Vision OCR
1. What? — Definition and context
Section titled “1. What? — Definition and context”Vision OCR is an N8N sub-workflow called from the Telegram Orchestrator every time a user sends a photo. It classifies the image into one of five recognised document categories, then applies a specialised extraction schema to return structured data ready to be consumed by business workflows (Odoo, notes, invoices).
Metadata
Section titled “Metadata”| Field | Value |
|---|---|
| Workflow ID | 2ZDgU3TWbF4OeOKY |
| Type | Execute Workflow Trigger (passthrough) |
| Nodes | 14 |
| Called by | Binary Content Handler (QtkJDN8XAGlpcSPV) |
| Model | gemini-flash-yolo via cli-ollama |
| Issue | #176 |
Architecture diagram
Section titled “Architecture diagram”The 6 document types
Section titled “The 6 document types”| Type | Extracted fields | Typical use |
|---|---|---|
business_card | name, function, company_name, email, phone, mobile, street, city, zip, country, website, comment | Odoo contact creation |
invoice | vendor, invoice_number, date, items[], subtotal, tax, total, currency | Odoo accounting record |
screenshot | visible_text, ui_elements[], error_messages[], context | Conversational chat, tickets |
handwritten_note | transcribed_text, confidence, language | Note in Obsidian vault |
general_document | full_text, document_title, key_sections[] | Searchable text |
not_document | (none) | Scene photo, AI Router fallback |
2. Why? — Stakes and motivations
Section titled “2. Why? — Stakes and motivations”The problem without Vision OCR
Section titled “The problem without Vision OCR”Before this sub-workflow, every photo sent to the Telegram bot was treated as an empty message or required manual data entry. Photographing a business card and then typing every field into Odoo took several minutes per contact.

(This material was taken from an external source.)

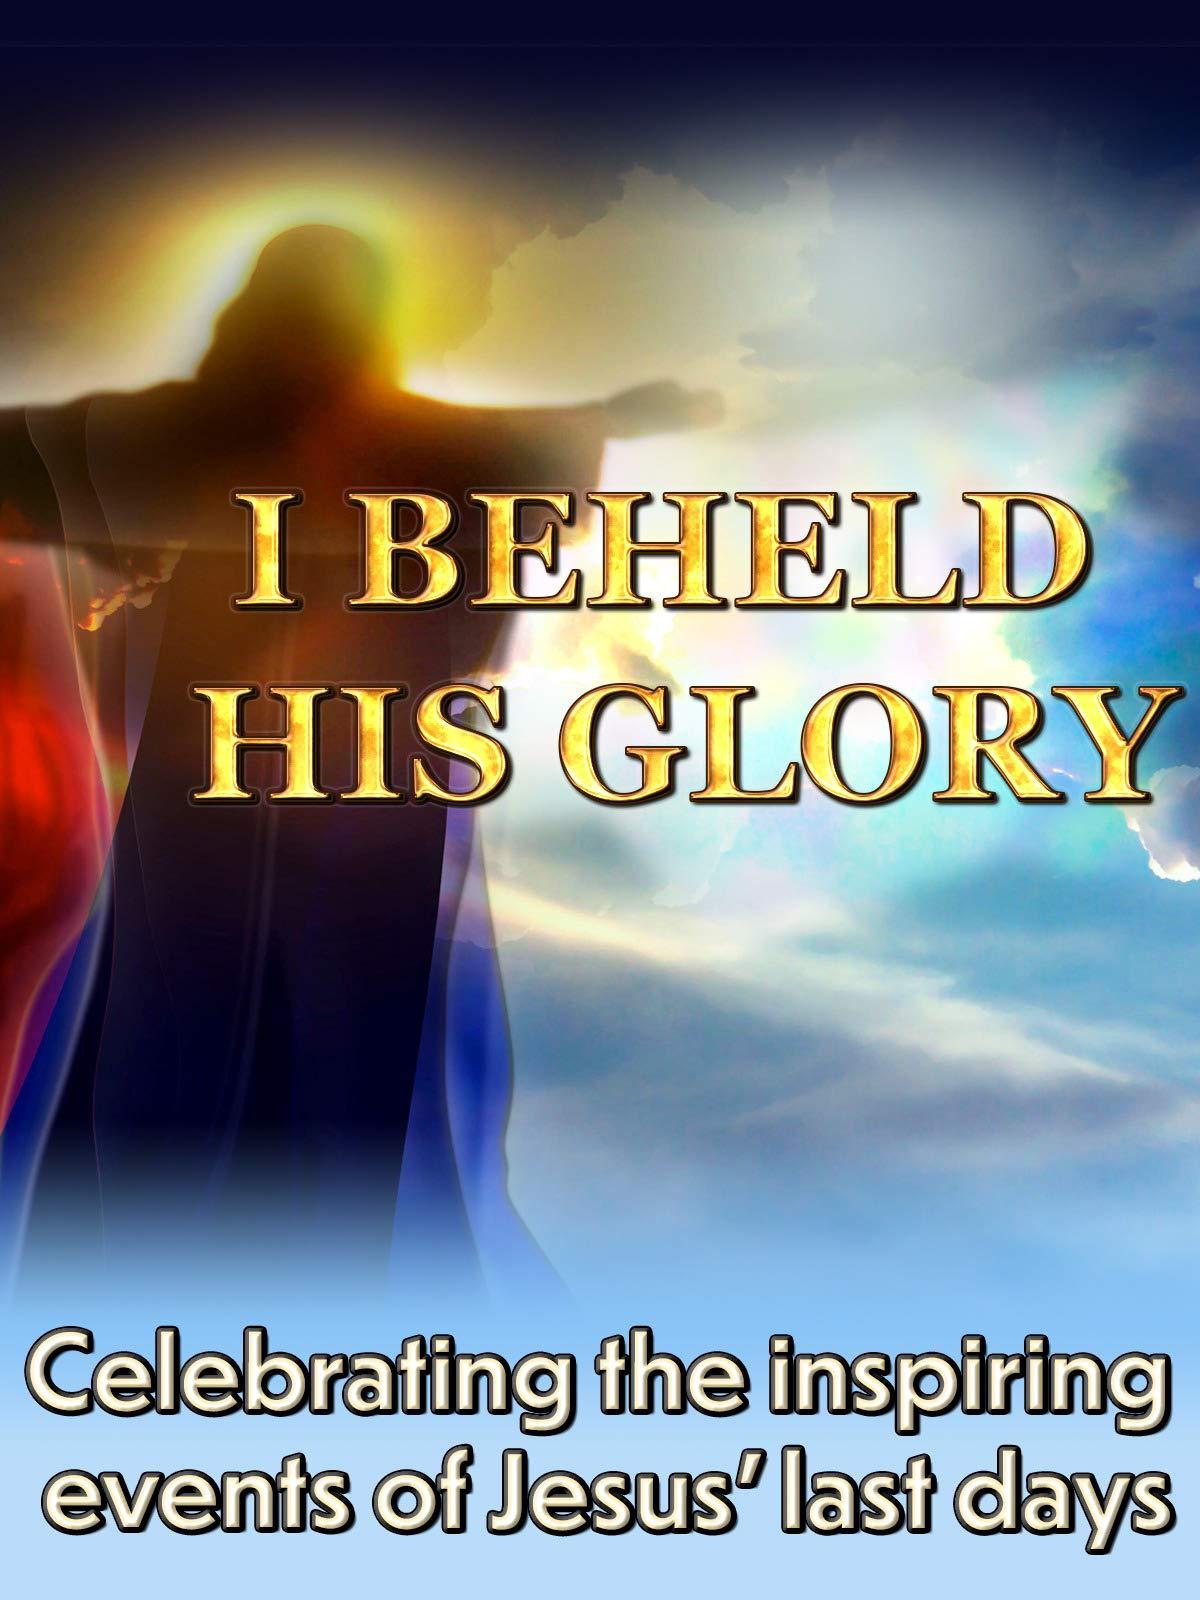 I Beheld His Glory - Celebrating the inspiring events of Jesus' last days

| Problem without extraction | Consequence |
|---|---|
| Manual entry | Several minutes per card, high error rate |
| No structure | Impossible to filter/search later |
| No classification | Every photo handled identically |
| No fallback | A landscape photo produced an error |
Why a single prompt isn’t enough
Section titled “Why a single prompt isn’t enough”Asking a vision model “extract the useful information” on any image yields uneven results. A business card has predictable fields, an invoice has a different layout, an error screenshot has no “fields”. The two-phase pipeline resolves that tension:
| Approach | Pros | Cons |
|---|---|---|
| Single generic prompt | Simple, 1 LLM call | Inconsistent fields, unstable JSON format |
| Pipeline classify → extract | Schema tailored per type | 2 LLM calls, latency x2 |
The latency overhead (≈ 4-6 s) is acceptable because the user is already waiting for the transcription. The extraction quality and the stable output contract justify the cost.
Why Gemini Flash over GPT-4 Vision
Section titled “Why Gemini Flash over GPT-4 Vision”| Criterion | Gemini Flash | GPT-4 Vision | Claude 3 Vision |
|---|---|---|---|
| Cost | Free (cli-ollama) | $0.01 / image | $0.005 / image |
| Latency | 1-3 s | 3-8 s | 2-5 s |
| Structured JSON | Variable, defensive parsing required | Stable | Stable |
| Latin OCR | Excellent | Excellent | Excellent |
| Handwritten OCR | Good | Excellent | Very good |
| Hosting | Self-hosted (cli-ollama) | OpenAI API | Anthropic API |
The Gemini Flash choice aligns with the cli-ollama multi-provider strategy: no per-image cost, acceptable latency, parseable JSON with a defensive regex fallback.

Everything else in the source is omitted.